Prove Parseval for the Fourier transform Can you please show me how to prove $$\int_{-\infty}^\infty f(x)^2 dx = \frac{1}{2 \pi} \int_{-\infty}^\infty [Ff(x)]^2 dx$$ where $Ff(t) = \displaystyle\int_{-\infty}^\infty f(x) e^{-itx}dx$.  
 A: We have that
$$\hat{f}(t) = F[f(x)] = \int_{-\infty}^\infty f(x) e^{-itx} \, dx,$$
and by the Fourier inversion formula
$$F^{-1}[g(t)] = \frac{1}{2\pi}\int_{-\infty}^\infty g(t) e^{itx} \, dt.$$
Now
$$F[\delta(x)] = \int_{-\infty}^\infty \delta(x) e^{-itx} \, dx = 1,$$
and hence applying the Fourier inversion formula gives
$$\delta(x) = \frac{1}{2\pi} \int_{-\infty}^\infty e^{itx} \, dt. \tag{$\ast$}$$
Now we simply calculate the following:
\begin{align*}
\int_{-\infty}^\infty f(x)^2 \, dx & = \int_{-\infty}^\infty \left( \frac{1}{2\pi} \int_{-\infty}^\infty \hat{f}(t) e^{itx} \, dt \right) \left(\frac{1}{2\pi} \int_{-\infty}^\infty \hat{f}(\tau)e^{i\tau x} \, d\tau \right) \, dx \\
 & = \int_{-\infty}^\infty \hat{f}(t) \left( \frac{1}{2\pi} \int_{-\infty}^\infty \hat{f}(t) \left( \frac{1}{2\pi} \int_{-\infty}^\infty e^{i(t - \tau)x} \, dx \right) \, d\tau \right) \, dt \\
 & = \int_{-\infty}^\infty \hat{f}(t) \left( \frac{1}{2\pi} \int_{-\infty}^\infty \hat{f}(\tau) \delta(t - \tau) \, d\tau \right) \, dt \tag{by $(\ast)$}\\
 & = \frac{1}{2\pi} \int_{-\infty}^\infty \hat{f}(t)^2 \, dt.
\end{align*}
This establishes Parseval's identity.
A: Expanding on my hint on the main question, for real-valued square-integrable functions $f(x)$, the Fourier transform is
$$\hat{f}(t) = \int_{-\infty}^\infty f(x)e^{-ixt}\,\mathrm dx$$
and $f(x)$ can be obtained from $\hat{f}(t)$ via
the inverse Fourier transform
$$f(x) = \frac{1}{2\pi}\int_{-\infty}^\infty \hat{f}(t)e^{ixt}\,\mathrm dt. $$
Thus,
$$\begin{align}
\int_{-\infty}^\infty (f(x))^2\,\mathrm dx
&=  \int_{-\infty}^\infty f(x)
\left [\frac{1}{2\pi}\int_{-\infty}^\infty \hat{f}(t)e^{ixt}\,\mathrm dt \right ]
\,\mathrm dx\\
&= \frac{1}{2\pi}\int_{-\infty}^\infty \hat{f}(t)

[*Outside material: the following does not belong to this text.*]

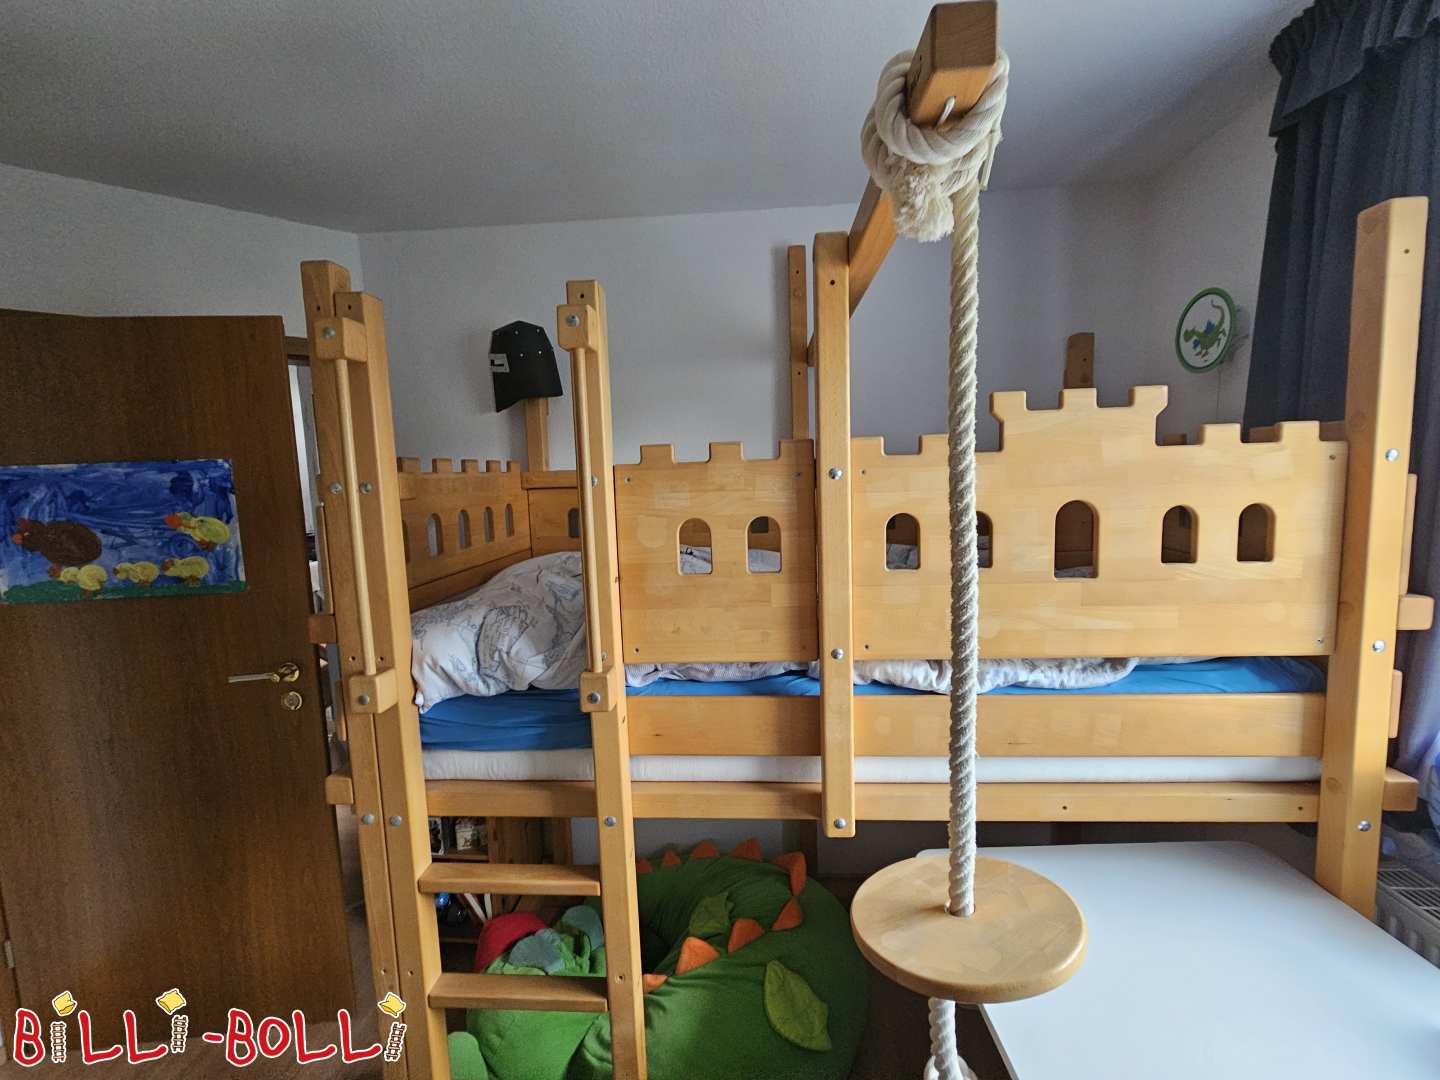 Palėpės lova, auganti su vaiku, 90x190, buko aliejaus vaškas, riterio pilies lova (Varel) (Kategorija: Palėpės lova auga kartu su vaiku used)
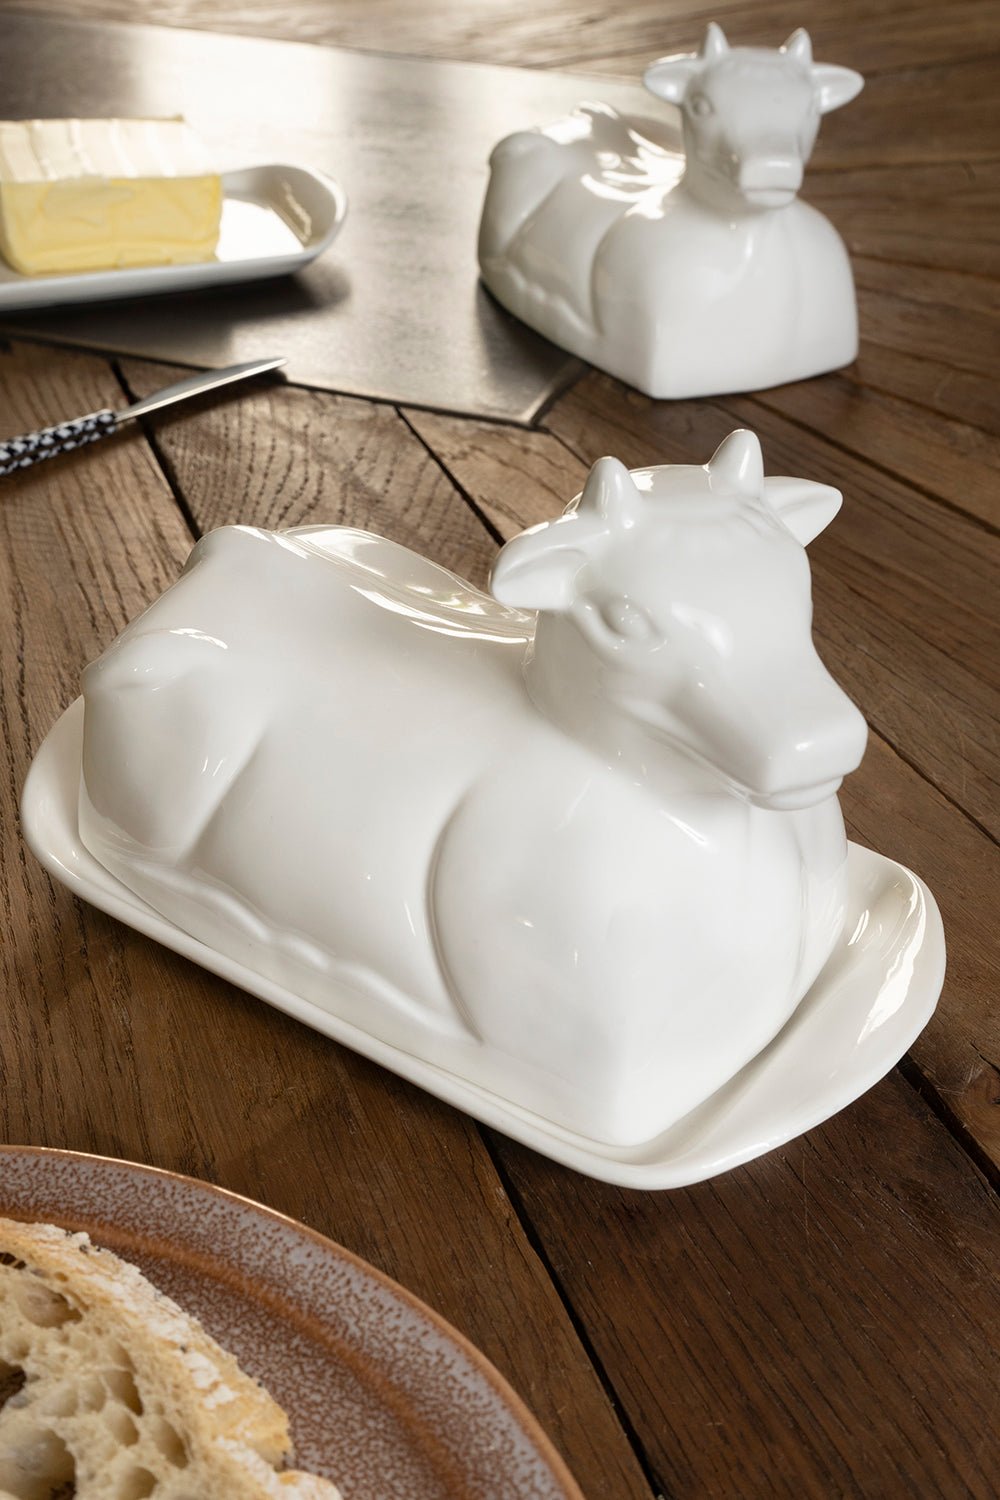 Mantequillera Con Diseño De Vaca De Porcelana Blanca - Cristina Oria

\left [\int_{-\infty}^\infty f(x)e^{ixt}\,\mathrm dx \right ]
\,\mathrm dt &\scriptstyle{\text{be sure to justify the interchange of order of integration}}\\
&= \frac{1}{2\pi}\int_{-\infty}^\infty \hat{f}(t)(\hat{f}(t))^*\,\mathrm dt\\
&= \frac{1}{2\pi}\int_{-\infty}^\infty \left|\hat{f}(t)\right|^2\,\mathrm dt
\end{align}$$
The definitions of Fourier transform given above apply to complex-valued
functions $f(x)$ as well, and the method described above can be used to
show that
$$\int_{-\infty}^\infty |f(x)|^2\,\mathrm dx
=\frac{1}{2\pi}\int_{-\infty}^\infty |\hat{f}(t)|^2 \,\mathrm dt$$